Risikofaktoren häufen sich: Rauchen erhöht das Ulkusrezidivrisiko um 2-fach, Alkohol um 1,5-fach. Bei Intensivpatienten liegt die Inzidenz venöser Ulzera bei 25 Prozent. Eine Studie der AGA 2022 zeigt, dass 15 Prozent der Blutungen idiopathisch bleiben – ein Frust für Gastroenterologen.

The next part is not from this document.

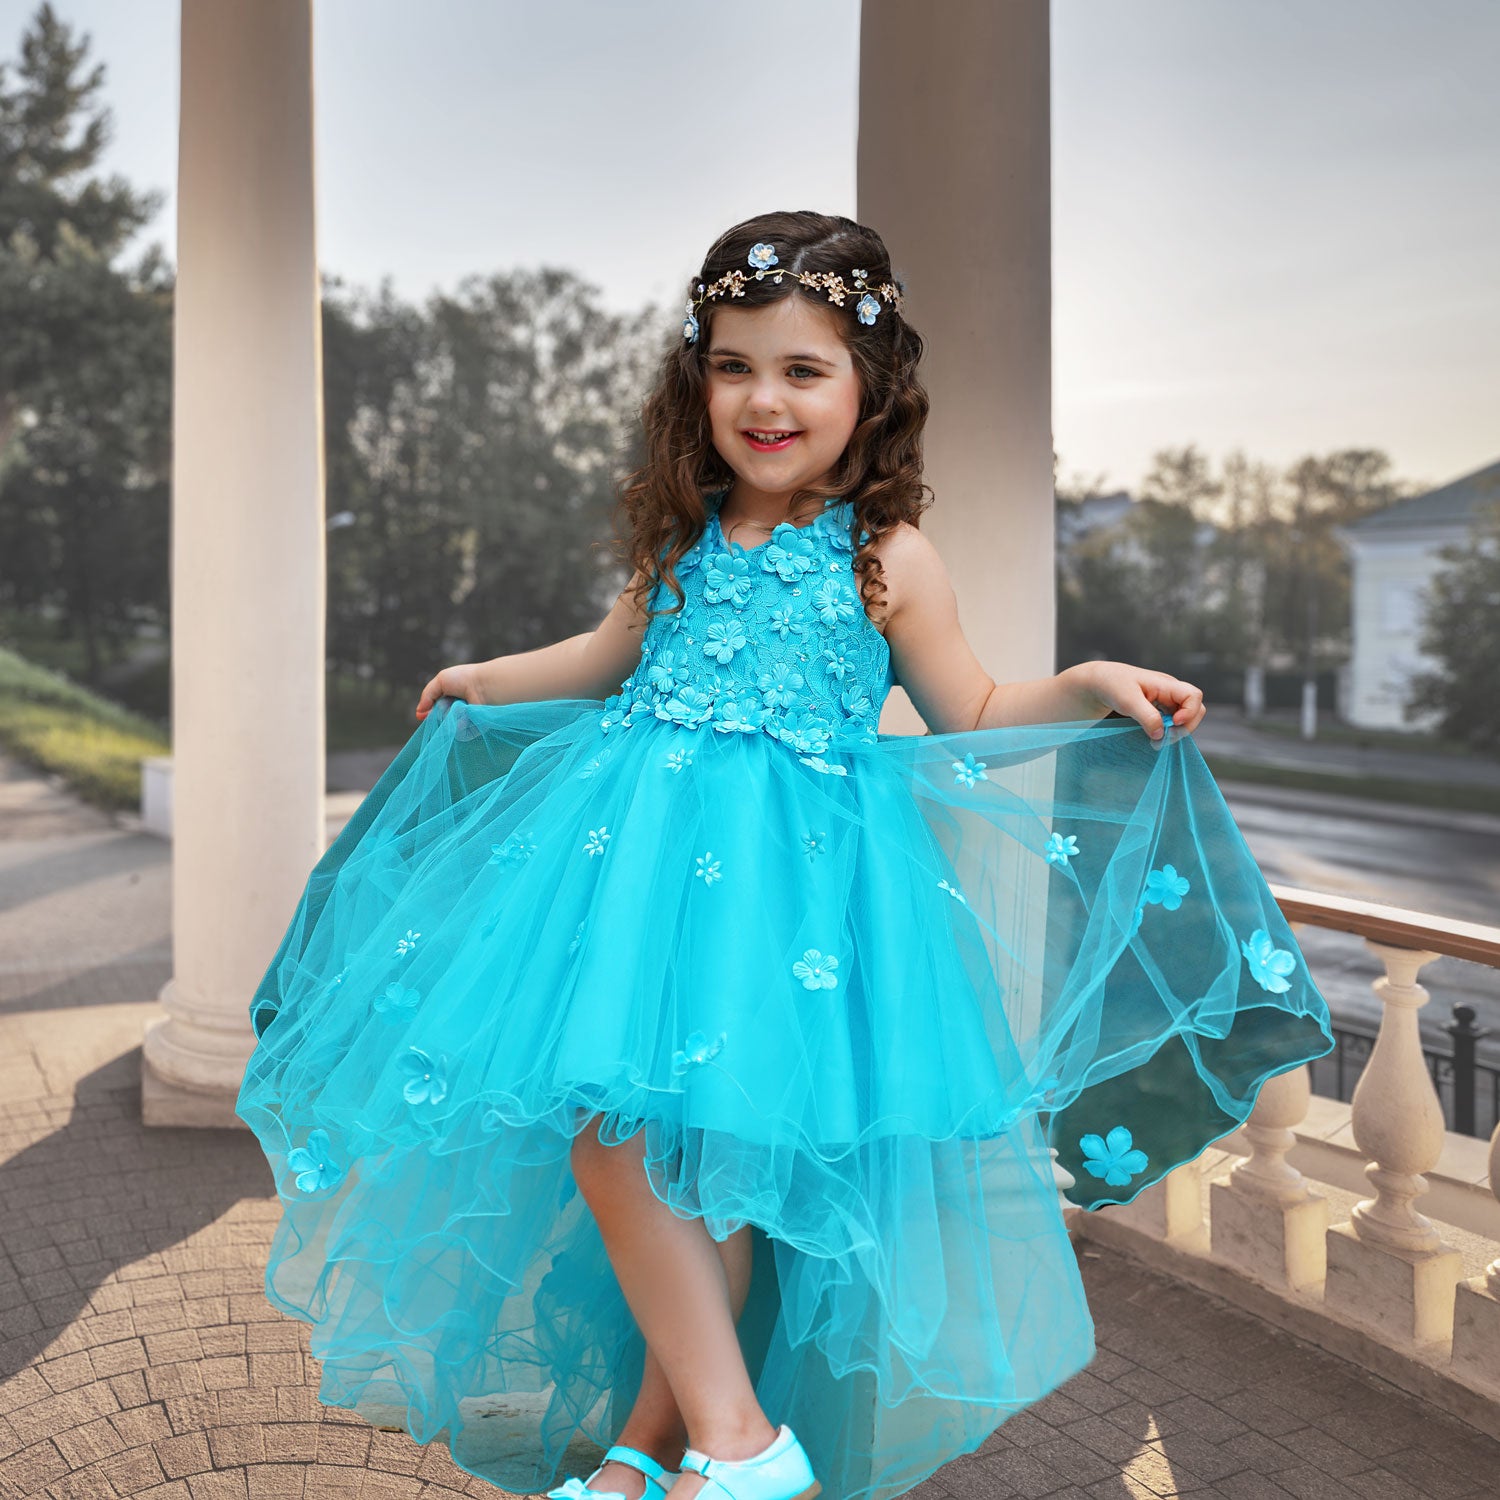 Gowns for Girls - Buy Girls Gowns Online in USA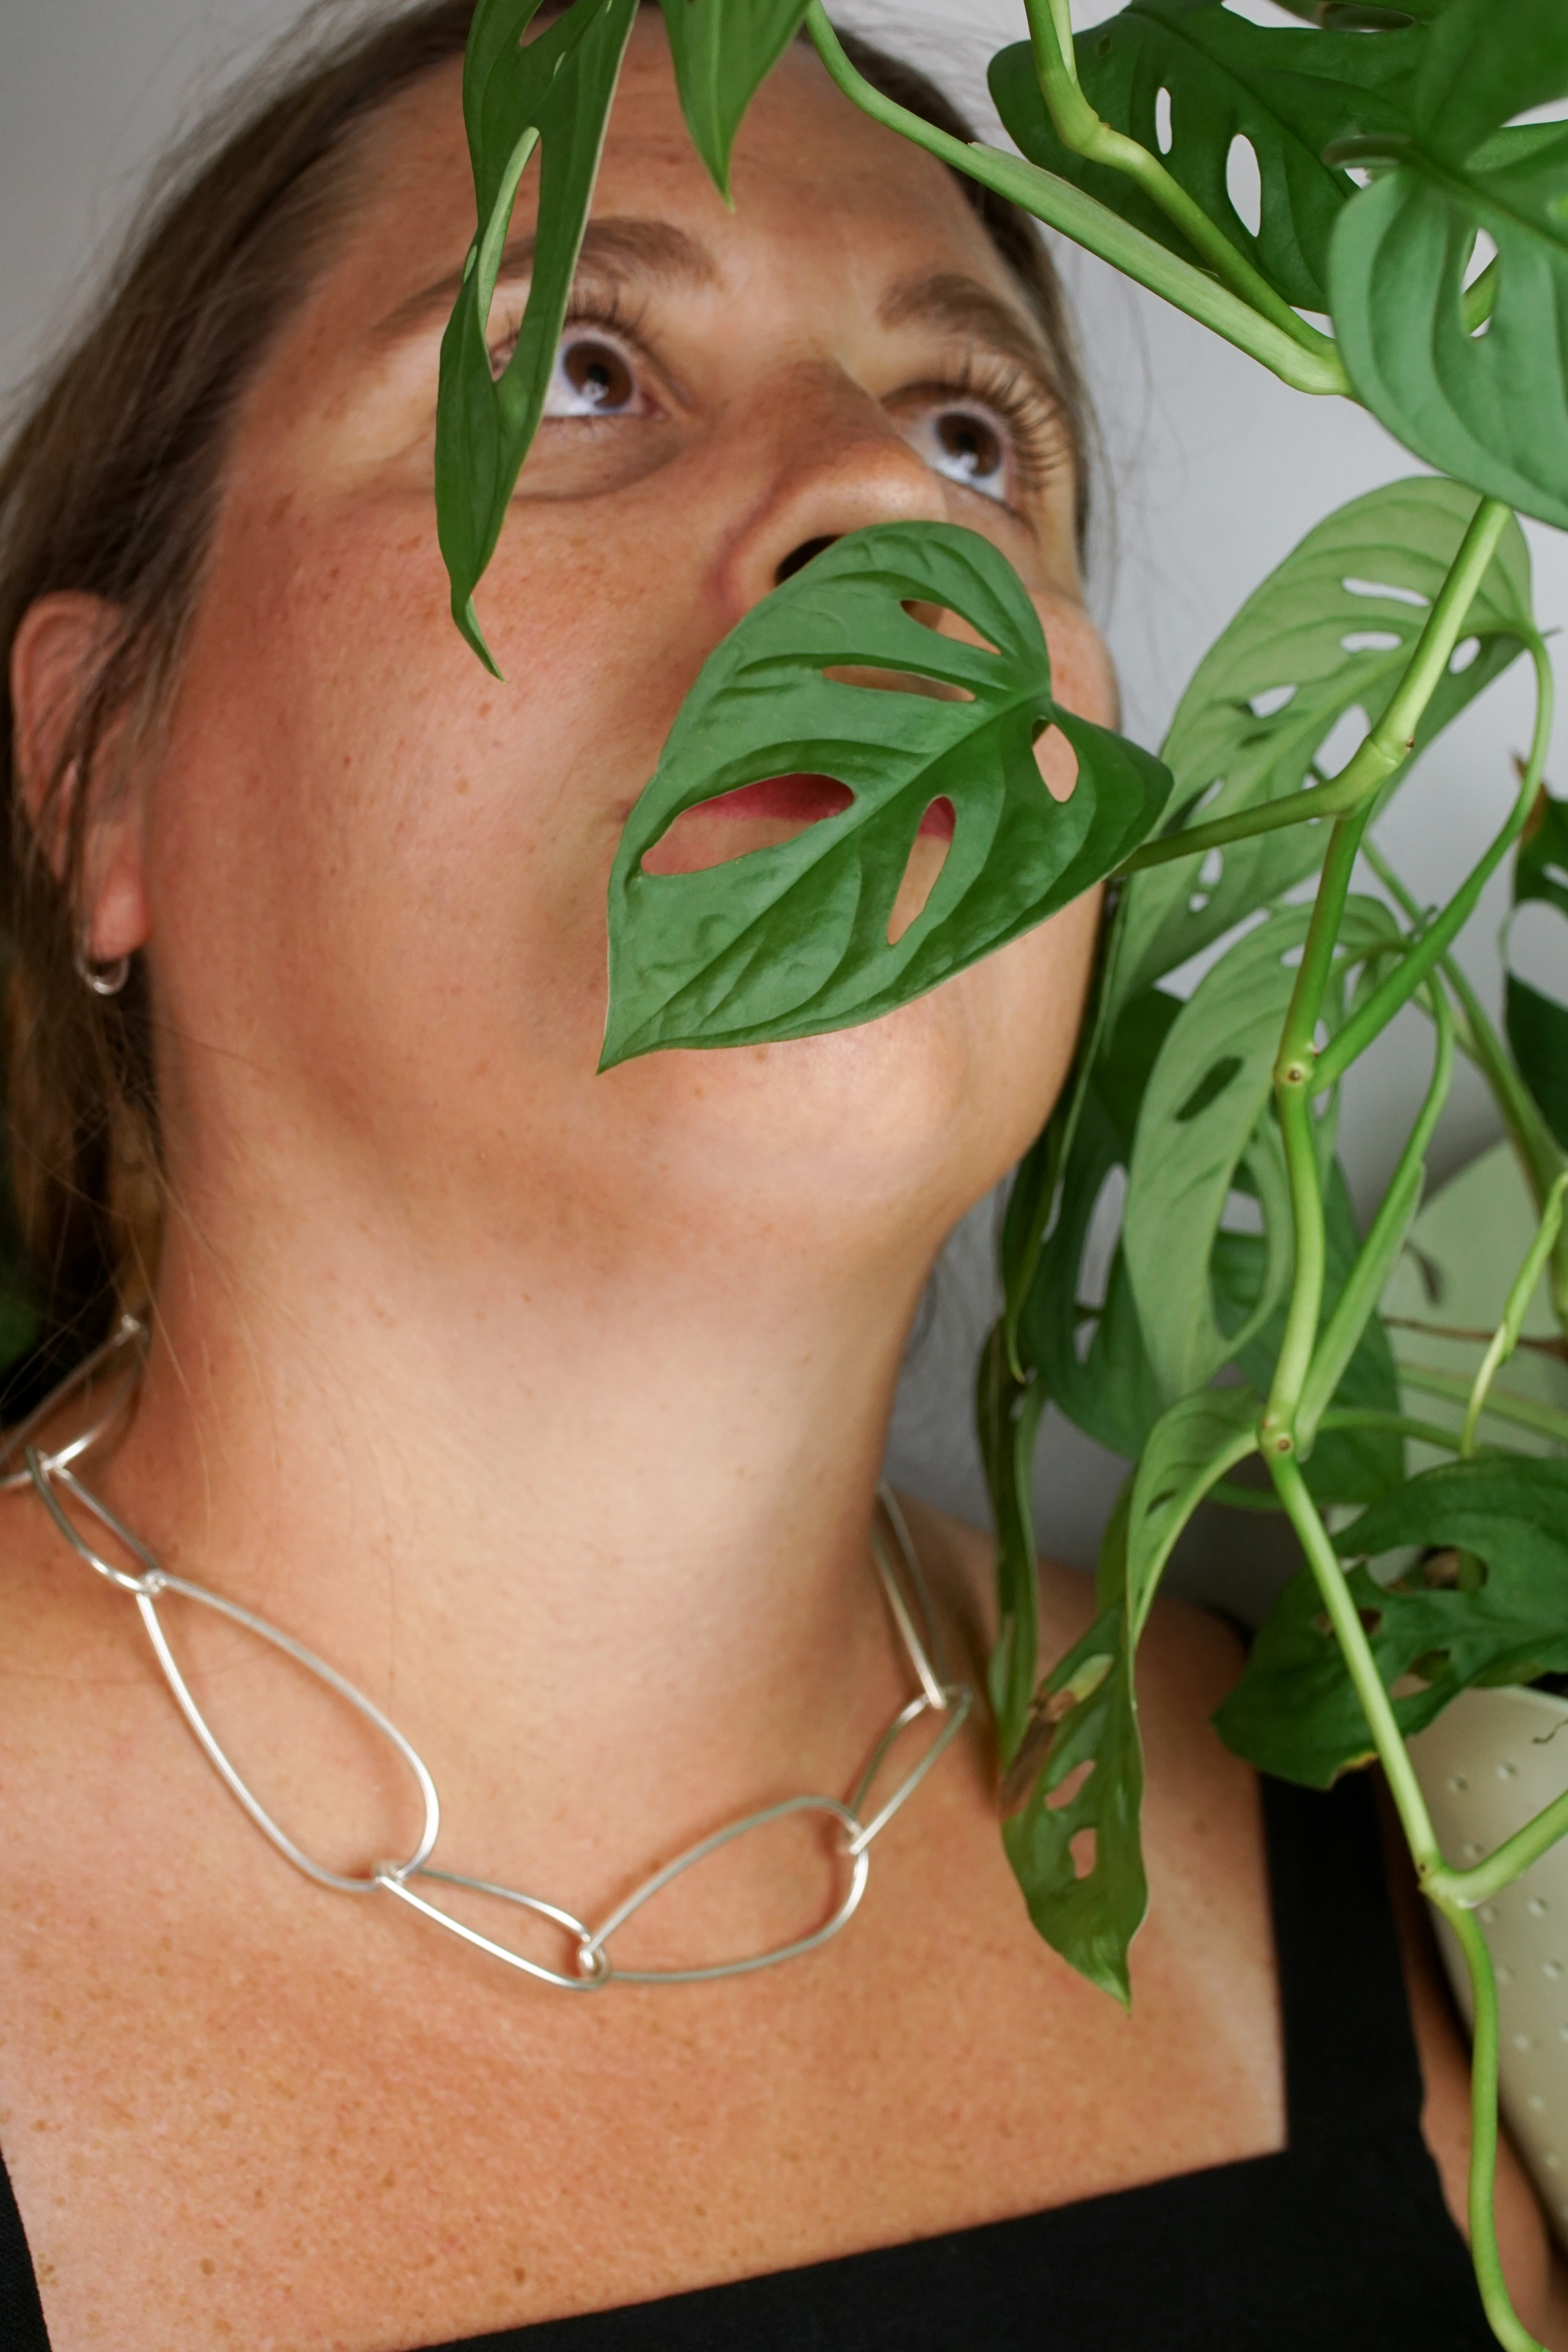 woman wearing silver chain necklace and standing next to monstera adonsonii house plant

Manche Ursachen wie Hämorrhoiden täuschen harmlos, sind es aber selten allein.
Symptome einer Darmblutung erkennen – Früherkennung rettet Leben
Die Symptomatik variiert massiv je nach Lokalisation und Volumen. Bei oberen GI-Blutungen präsentiert sich Meläna als teeriger Stuhl, begleitet von Hämatemesis in 20 Prozent. Tachykardie über 100/min, Hypotension unter 90 mmHg und eine Hämoglobinsenkung um mehr als 2 g/dl deuten auf massive Blutung hin. Patienten klagen über Schwindel, Schwäche und kalten Schweiß – klassische Schockzeichen. Untere Blutungen äußern sich in hellroter Hämatochezie, oft schmerzlos, aber mit Tenesmen bei Kolitis.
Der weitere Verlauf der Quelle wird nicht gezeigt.